As part of its ongoing Phase I study of AMG 510, Amgen is testing the small molecule in combination with Merck & Co.’s anti-PD-1 inhibitor Keytruda, and this year the firm will add study arms that specifically look at the addition of MEK inhibitors and anti-PD1 inhibitors in people with colorectal cancer. Meanwhile, AMG 510 is swiftly moving through the development pipeline and toward consideration by regulatory authorities.

“The potential registration-enabling Phase II study is rapidly enrolling,” an Amgen spokesperson says.

Beyond combinations, companies are also looking to develop new flavors of KRAS inhibitors that could address a broader patient population and the concern over feedback loops.

That work is greatly needed, according to Patel. KRAS G12C inhibitors have “captured our imagination, certainly, but at the same time there’s also a lot of humility about the target based on how prevalent this mutation is and how little success we’ve had in really unraveling all the bypass tracks and mechanisms of resistance,” she says.

At the AACR meeting, Boehringer Ingelheim provided details on a new clinical candidate that it hopes will address some of those bypass mechanisms: a small molecule that blocks the interface between KRAS and a protein called SOS1.

If KRAS is “the beating heart of cancer”—pumping through a process controlled by two nucleotides, guanosine diphosphate (GDP) and guanosine triphosphate (GTP)—then SOS1 is the pacemaker, explains Darryl McConnell, research head for Boehringer’s site in Vienna. SOS1 binds to KRAS to force GDP out, allowing GTP to flood in and turn the protein on.

During that nucleotide exchange, KRAS is briefly left empty—an opportunity for chemists to sneak a small molecule into the interface between SOS1 and KRAS. But, disrupting a protein-protein interaction is no easy feat. While Mother Nature has come up with big, complex molecules to wedge into such gaps, chemists have struggled to design compounds that can fill them.

Moreover, while some proteins might greet each other with a fist bump, SOS1 and KRAS meet with a full-on bear hug. “That interaction is actually huge—thousands of angstroms,” McConnell says, noting that it is one of the largest protein-protein interaction surfaces known in biology.

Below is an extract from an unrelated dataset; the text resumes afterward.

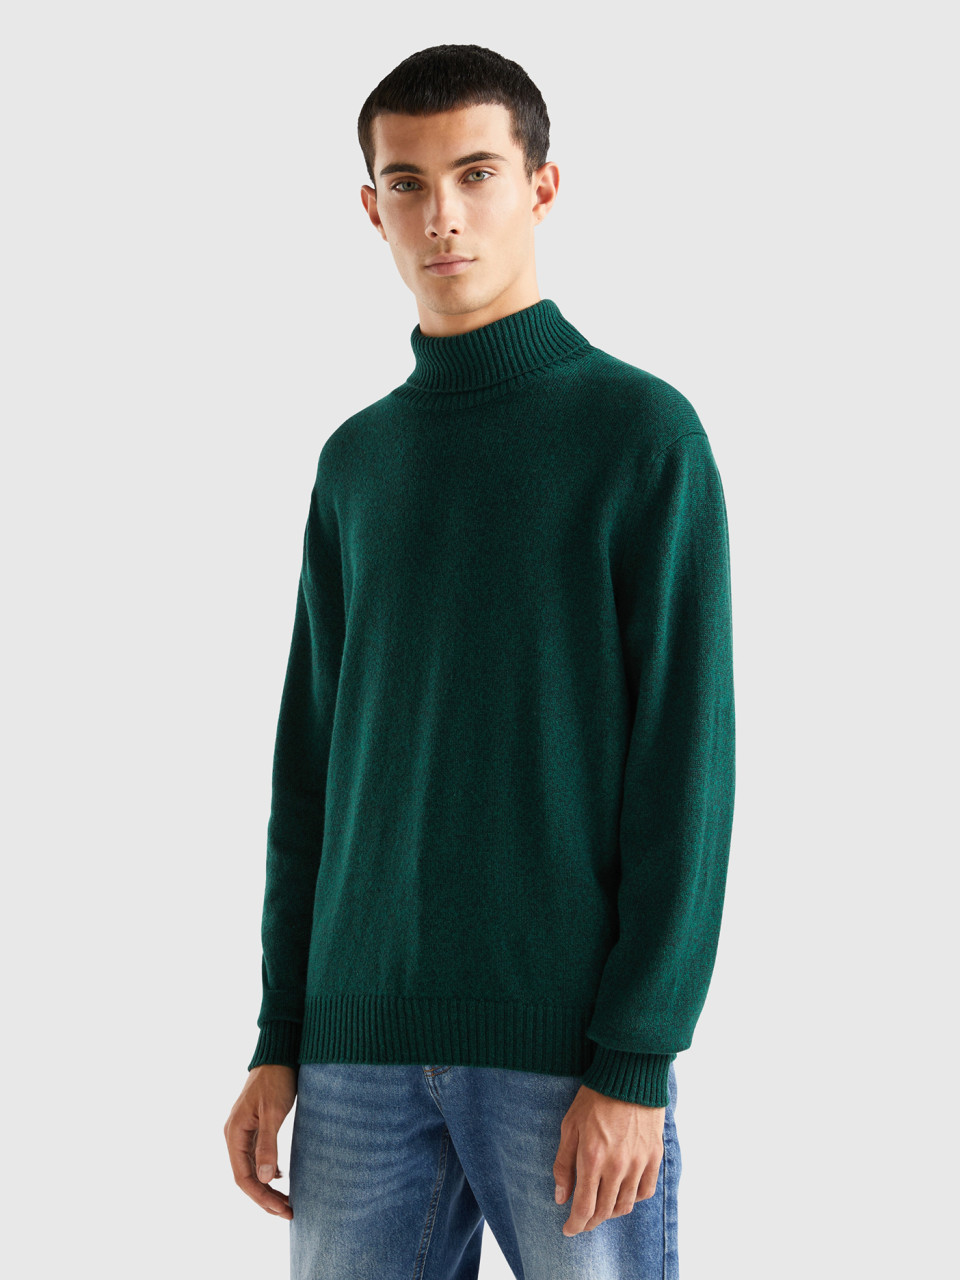 Benetton, Turtleneck Sweater In Cashmere And Wool Blend, Dark Green, Men
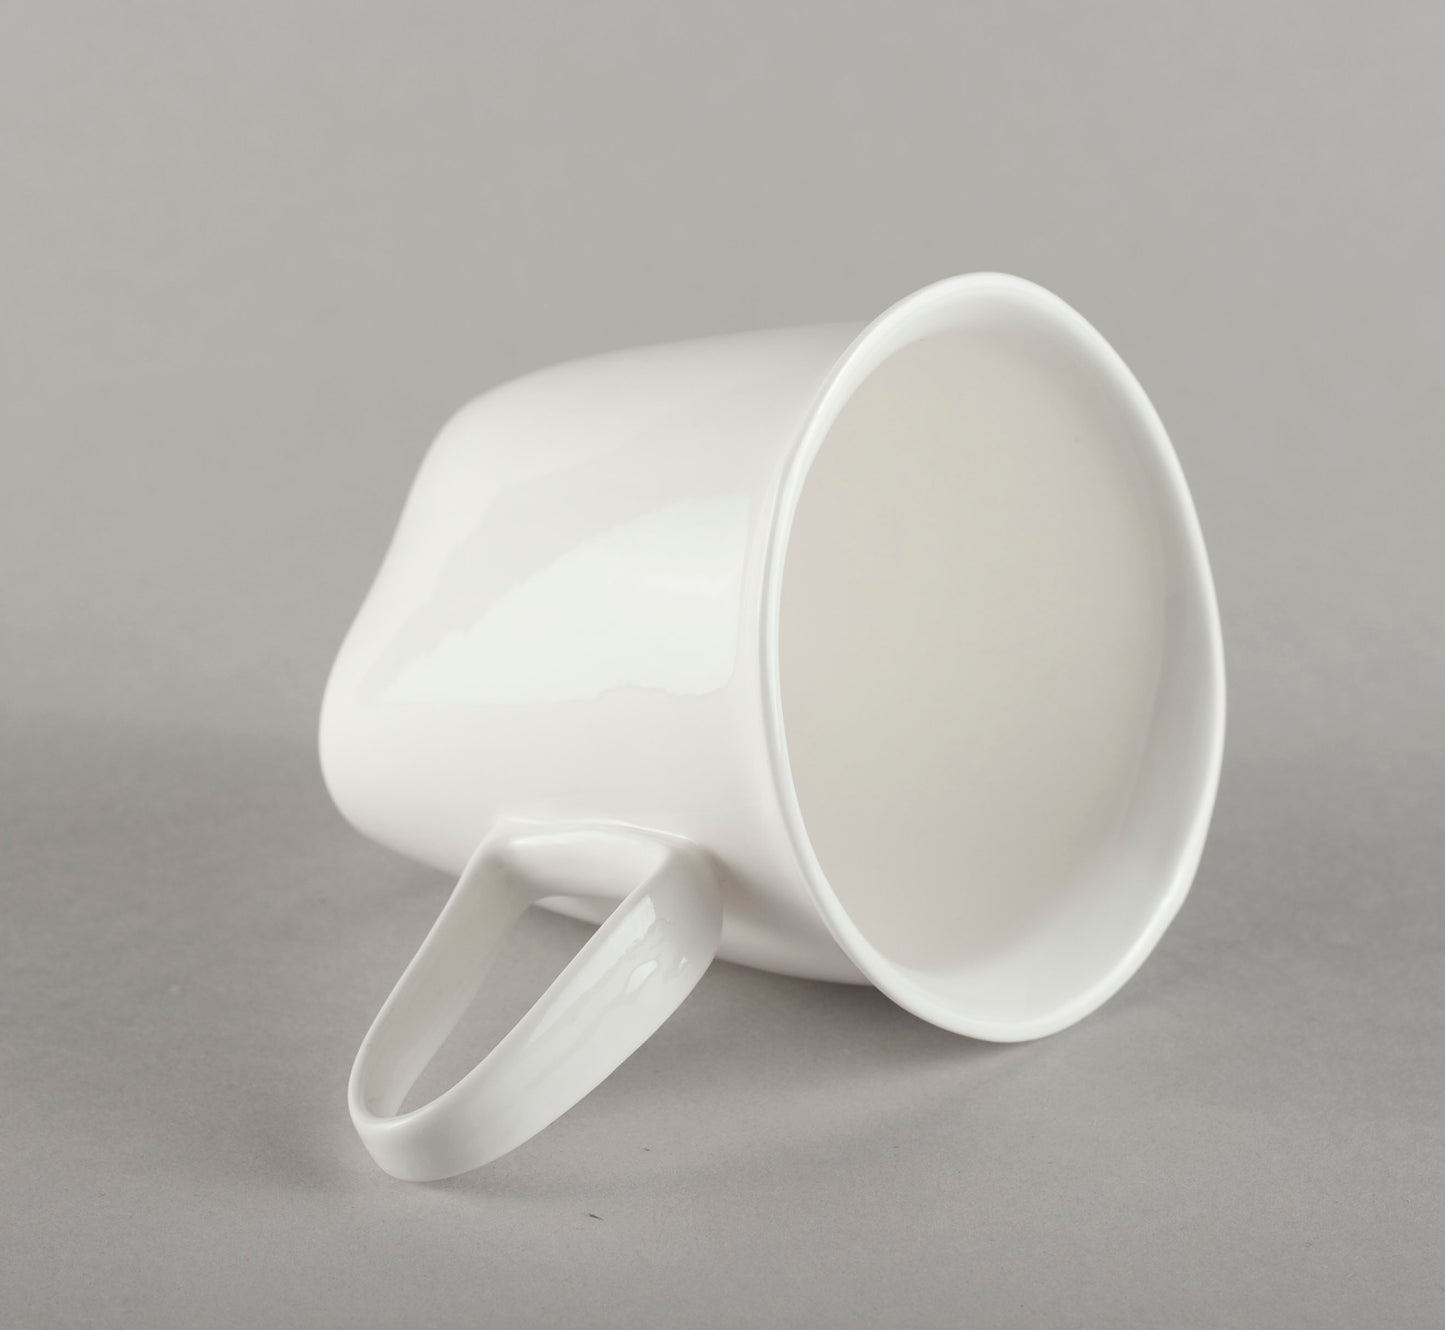 Porcelain Mug Lilly 1

Boehringer researchers wanted to take advantage of a pocket on SOS1 that was identified several years ago. It turned out that the first hit to emerge from their high-throughput screening efforts was a compound left over from a 1990s project to inhibit EGFR, another well known cancer target.

“It wasn’t a clinical candidate, it was missing some decorations,” McConnell notes, but that hit made them realize that the pocket on SOS1 is astonishingly similar to the pocket on EGFR.

While that old key fit a new lock, the molecules bind the two pockets in completely different ways, McConnell explains. Chemists then carefully built out the small molecule to prevent the two proteins from coming together.

This month, Boehringer began a Phase I study of the resultant SOS1 inhibitor, BI 1701963, in people with KRAS-mutated tumors. The drug is being tested alone and in combination with trametinib, which blocks MEK, another key protein in the KRAS signaling pathway.